Hi Folks,
As part of our custom javascript event ( trackSelfDescribingEvent ) we wanted to configure “AVRO” file format. This way Javascript analytics pixel takes care of AVRO serialization to s3 location. any further downstream ETLs, Enrichment, Storage directly work on AVRO format.
Any idea how to create custom JSON schema for an AVRO data set & how to implement as part of Javascript part ??
At the moment all of our trackers only support JSON to express self-describing events and custom contexts. We are starting some work to understand how we can automatically translate JSONs (based on their JSON Schemas) to Avro, but this would only occur initially very downstream of the original collection.
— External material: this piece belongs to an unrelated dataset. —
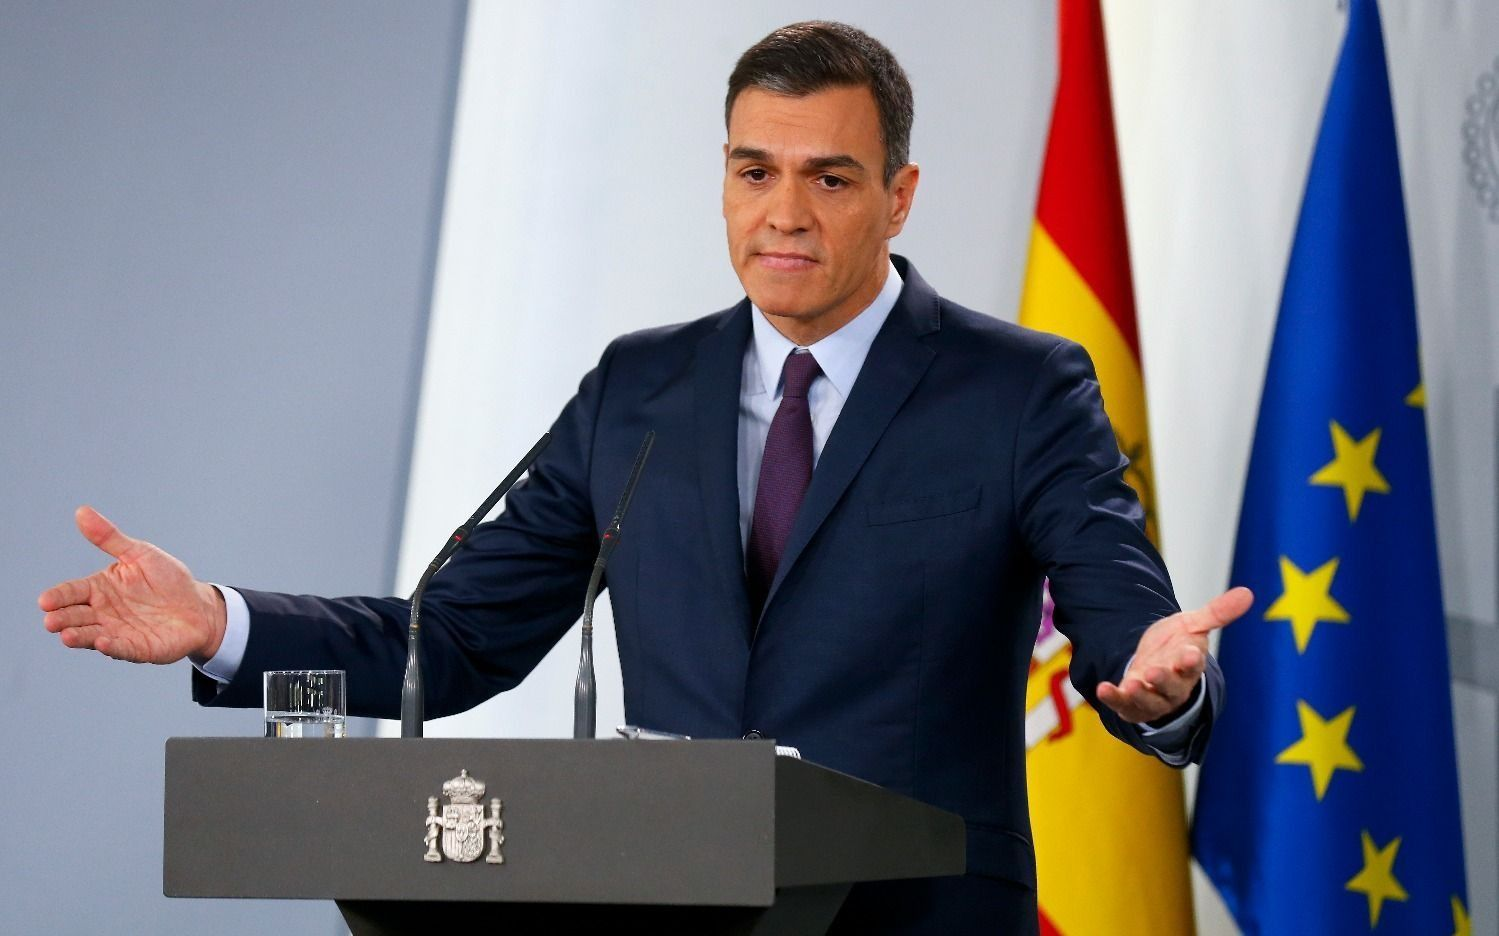 Llaman en España a elecciones anticipadas

Moving Avro upstream into the trackers is an interesting idea - I see a few challenges with it:
Avro binary is basically impossible for non-data-engineers to successfully generate
Avro JSON is not well-supported in most programming languages
Avro JSON has a few sharp edges which could trip up an engineer (e.g. handling of union types)
More deeply, even if we did support Avro from trackers onwards, I don’t think it would solve your problem, because Snowplow enriched events are hard to represent in Avro (or Protobuf or Thrift - basically any “strict” schema technology). The Snowplow enriched event is very heterogenous: a given event can contain 10 or 20 discrete entities, all independently versioned.
This means that, if you sent in your self-describing event as Avro, you would easily not gain “any further ETLs, Enrichment, Storage directly work[ing] on AVRO format” for free.
Sorry the answer isn’t more positive. Interesting idea though!